Minnesota’s 2FG% Dooms Them at Nebraska

Free throws (9/19 for 47.4%) get the attention from many, but they weren’t the primary issue in Minnesota’s loss at Nebraska.

Although the Gophers could have used some more made free throws in the 52-49, there were more important factors to them losing.

The biggest one factor was 2-point field goal shooting. Their mark of 25.0% (8/32) was the program’s worst performance going back at least five years. Had Minnesota made slightly less than the D-I average of their 2-point attempts (D-I average is approximately 47.5%; Minnesota averages better than 50.5% on the season), they would have scored an additional 14 points.

Free throw percentage is nearly irrelevant to a team winning or losing a basketball game.

At Nebraska, the Gophers were only 9/19 from the charity stripe, but they had three and-1’s and four chances thanks to Nebraska technical fouls. The team’s free throw points compared to possessions used were actually quite strong.

Minnesota’s awful 0.74 points per possession would have been even worse had it not been for their performance at the line. It’s not a good sign when a 9/19 outing from the line helped your offense, but in this game it’s factual.
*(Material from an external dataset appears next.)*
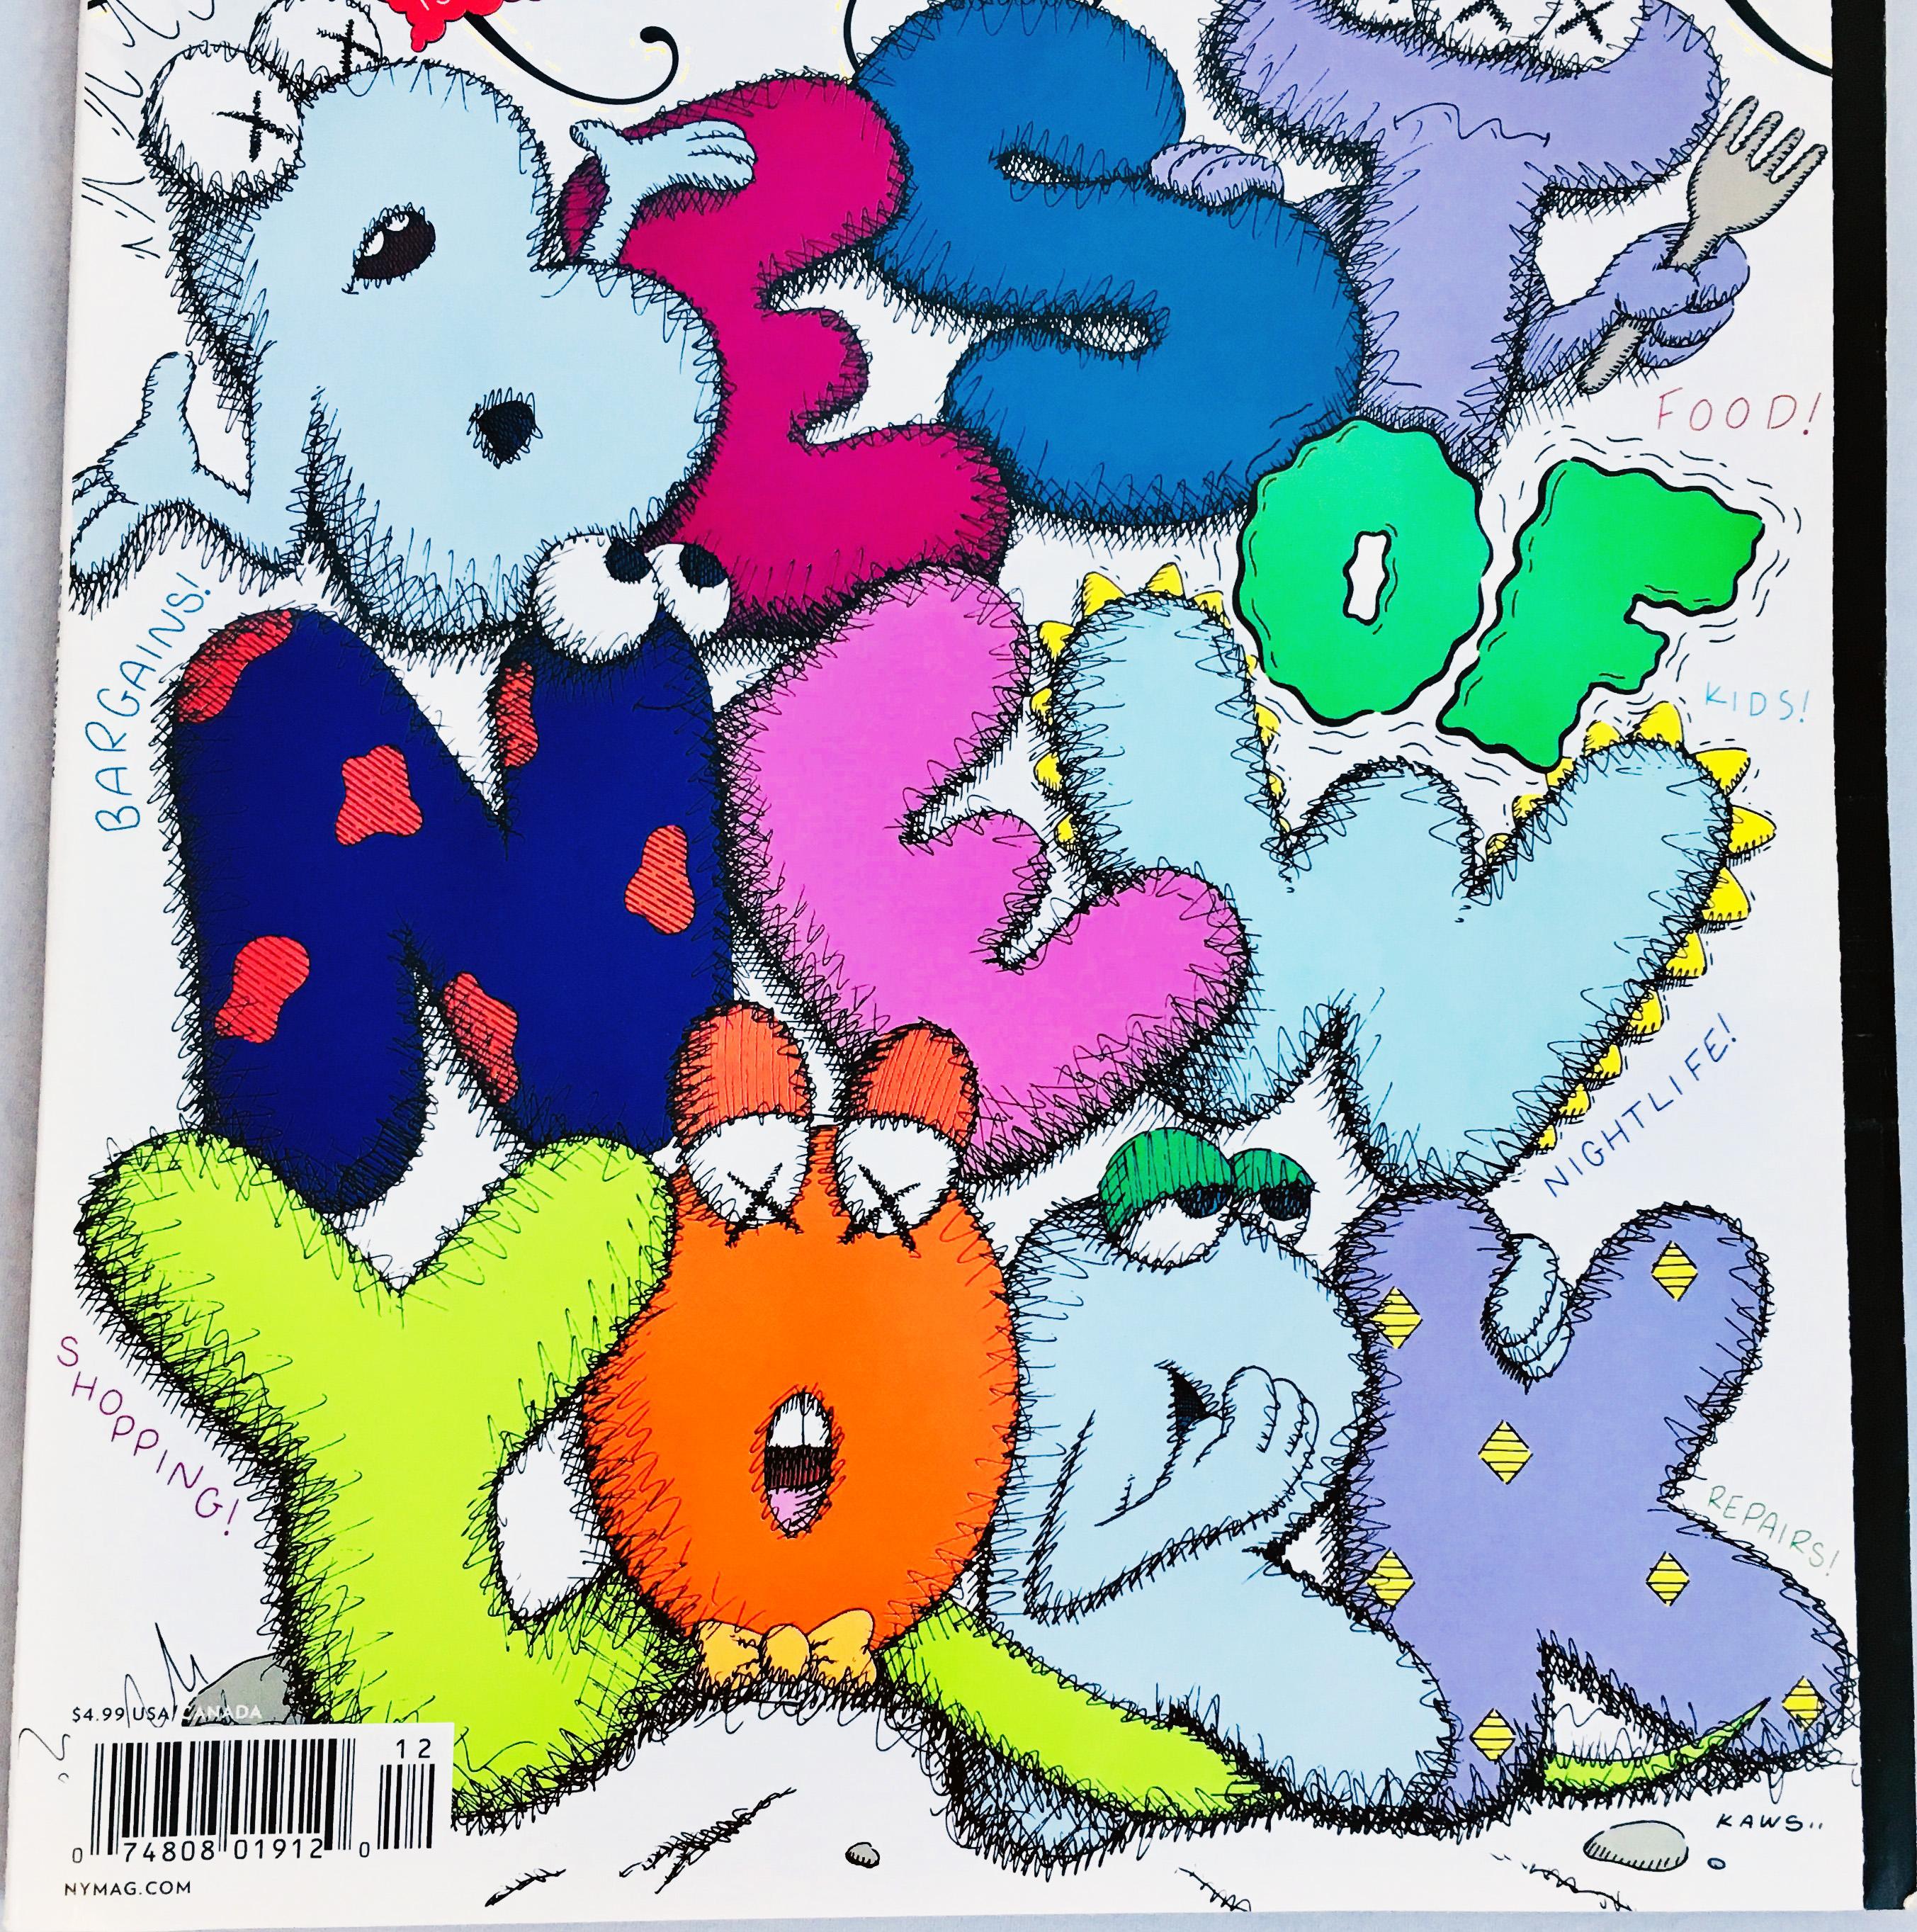 Kinetic Kaws Cover Art 'New York Magazine, 2009

Had the Gophers made the D-I average at the line they would have scored an additional 4 points. Those points would have been nice to have, but they could have come from a number of places.

In addition to the record-setting 2FG% performance, Minnesota’s turnover rate of 24.2% was unusually high. Had they only turned the ball over at the D-I average and scored at the D-I average on those possessions (1.01 ppp), you could add another 3+ points to their total.
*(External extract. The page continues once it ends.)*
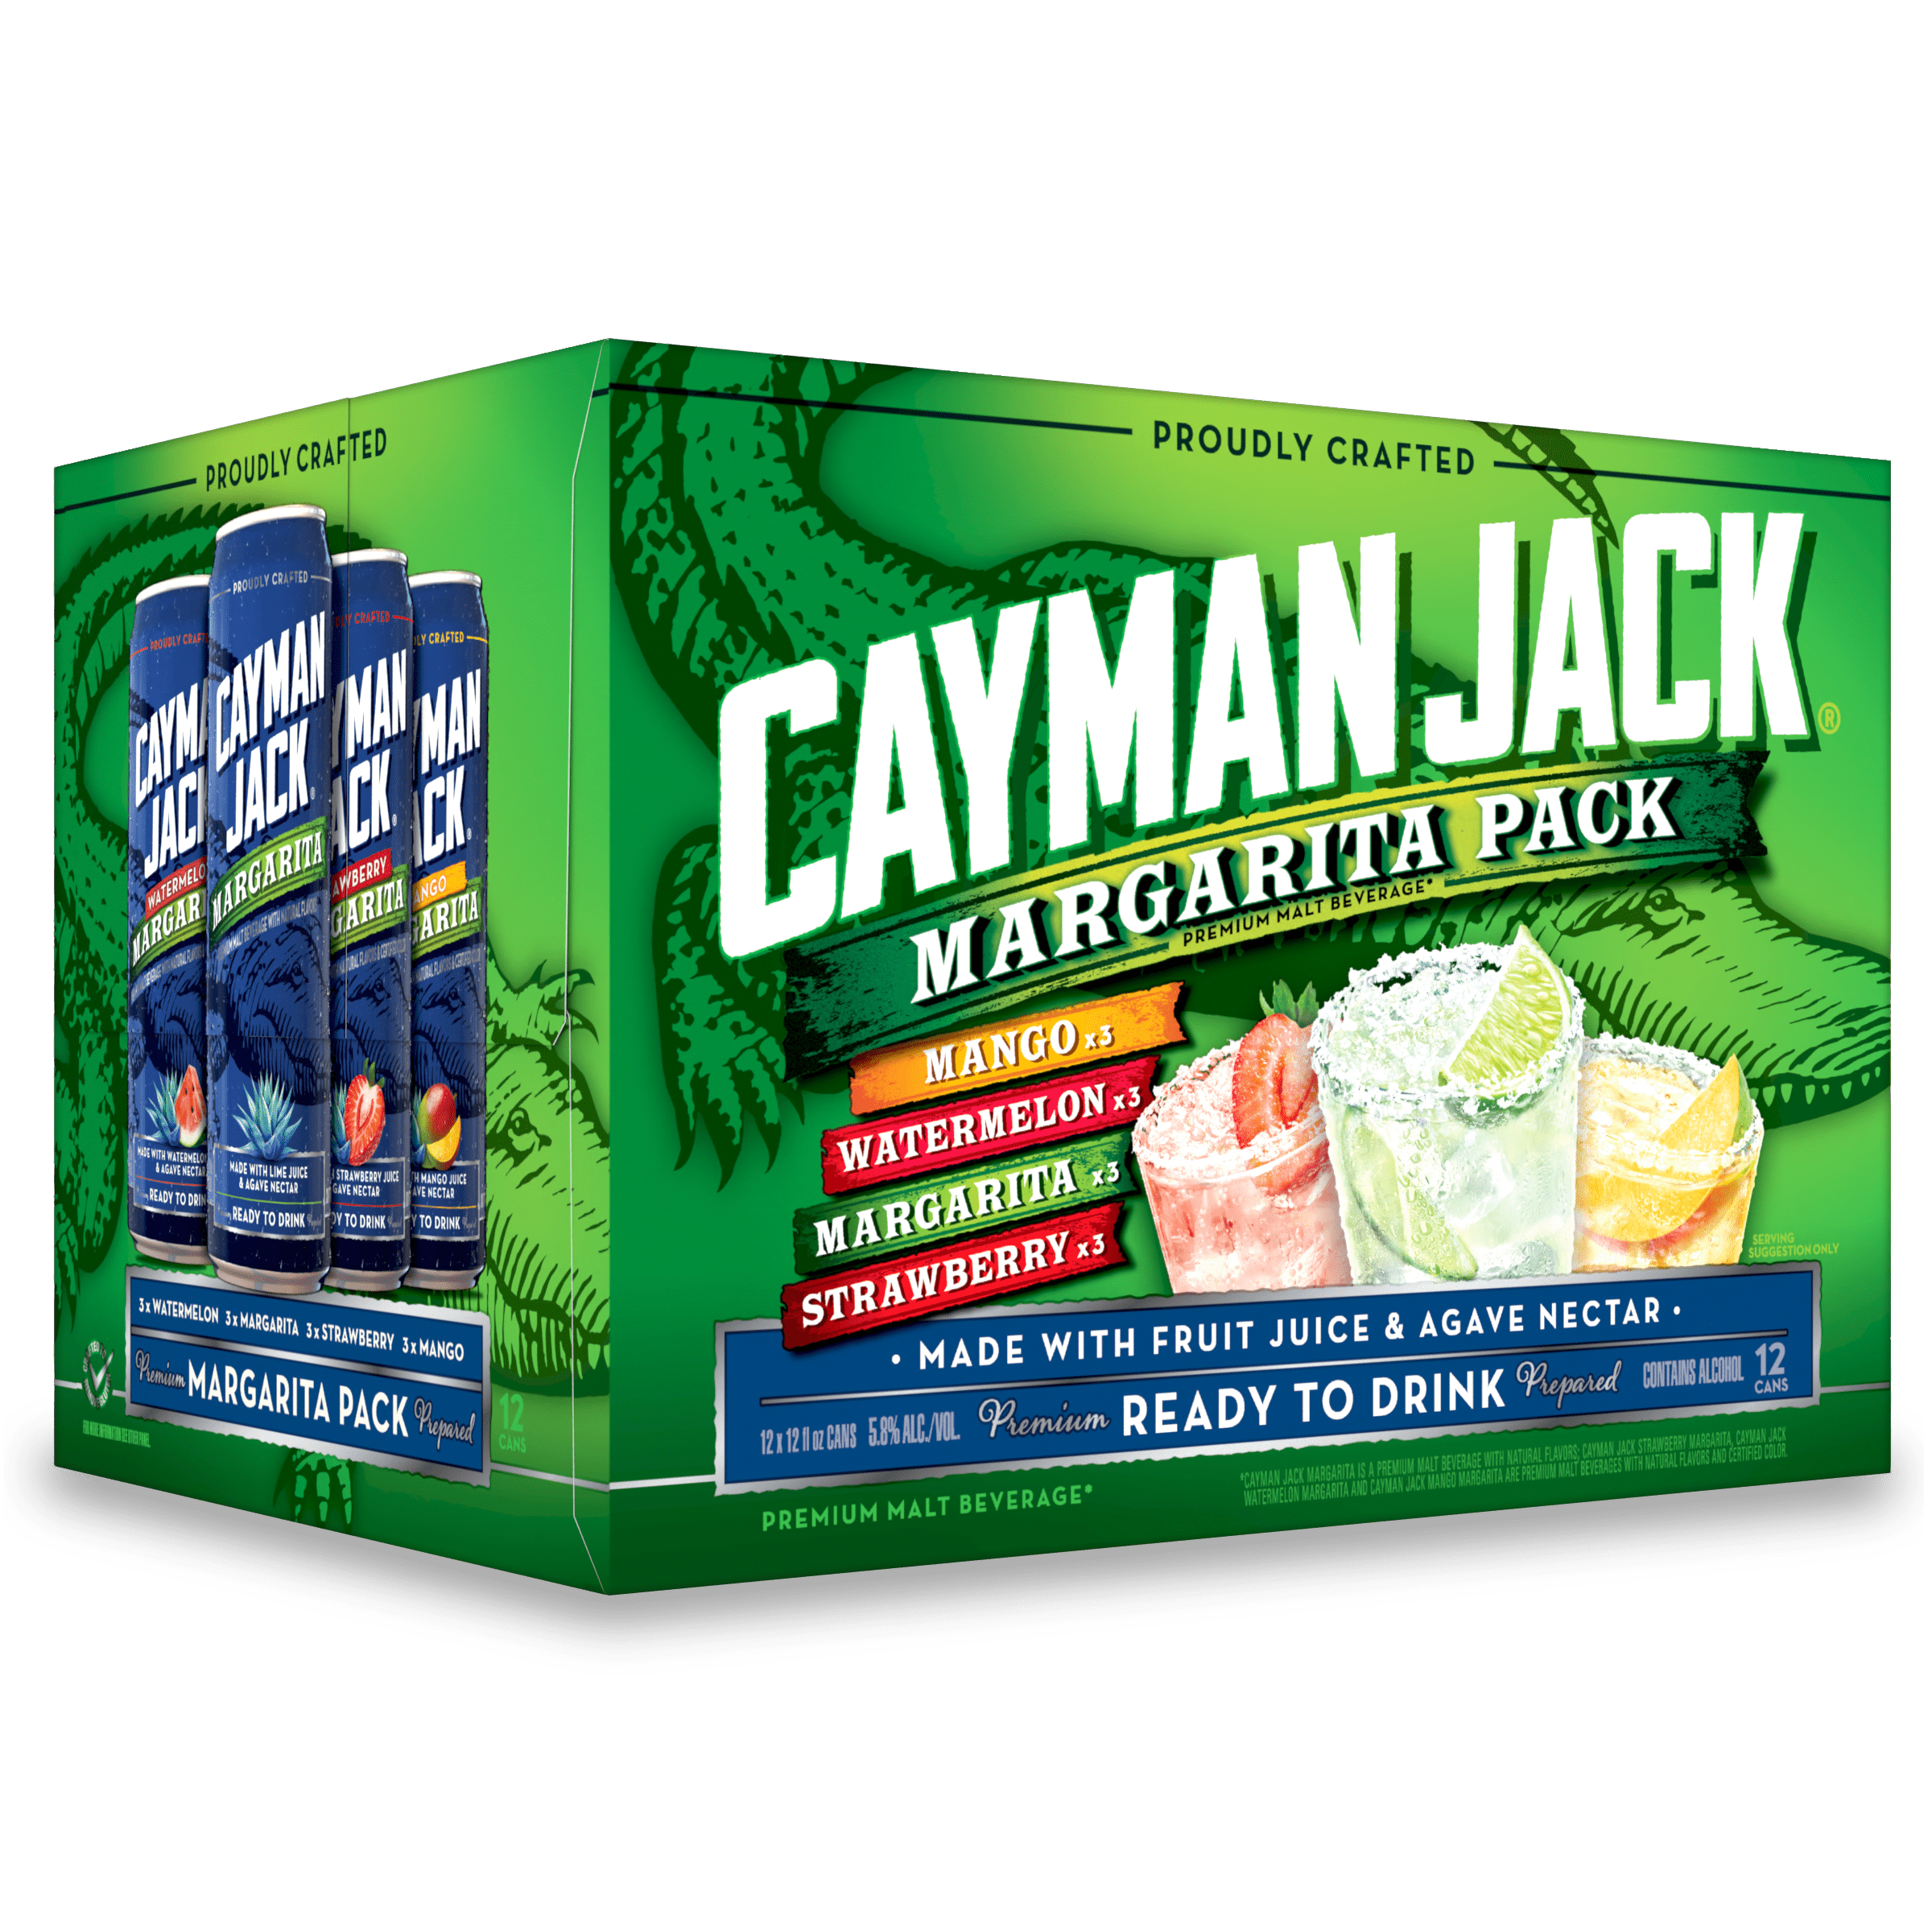 Cayman Jack Margarita Nutrition Label Saunders faruolo 99

Meanwhile on defense the Gophers defense allowed Nebraska to make 13 of 23 or 56.5% of their 2-point attempts. This was the sixth consecutive game the Minnesota defense has allowed the opponent to shoot at least 50% 2FG%. Elliott Eliason would have helped to reduce the 56.5%, but he played only 3 minutes.
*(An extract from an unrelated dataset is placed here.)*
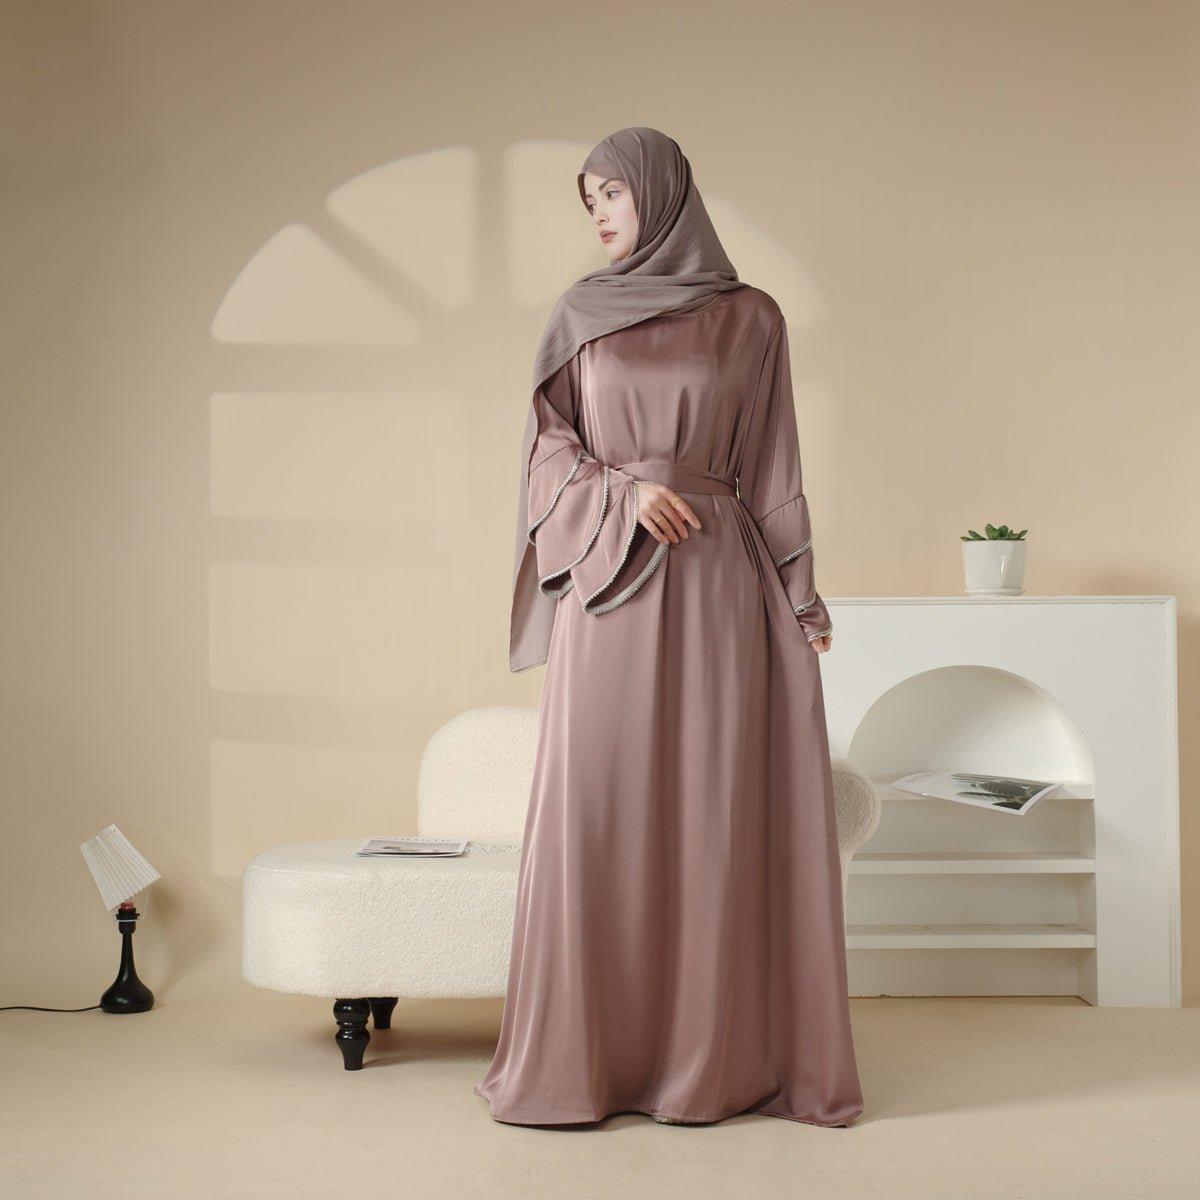 MA040 Ruffle Sleeve Diamond Satin Pocket Abaya - Mariam's Collection

What’s the point of this rambling? It’s a reminder that this team needs to worry about what matters and what they can control the most. It’s also a reminder that no matter how many people try to say otherwise, free throw shooting should be nowhere near the top of the conversation.

By the way, tomorrow when Minnesota hosts Illinois it’ll be a match up between the Big Ten’s worst and best FT% teams in conference play this season.

Minnesota is ranked #14 in the Big at 61.7%. Illinois is #1 and has shot 83.3% from the line in conference games.

The Gopher offense (100.4 ppp), however, has been more efficient than Illinois (98.1 ppp). Indeed, if you’re worried about your offense there are far more important things to look at than free throw percentage.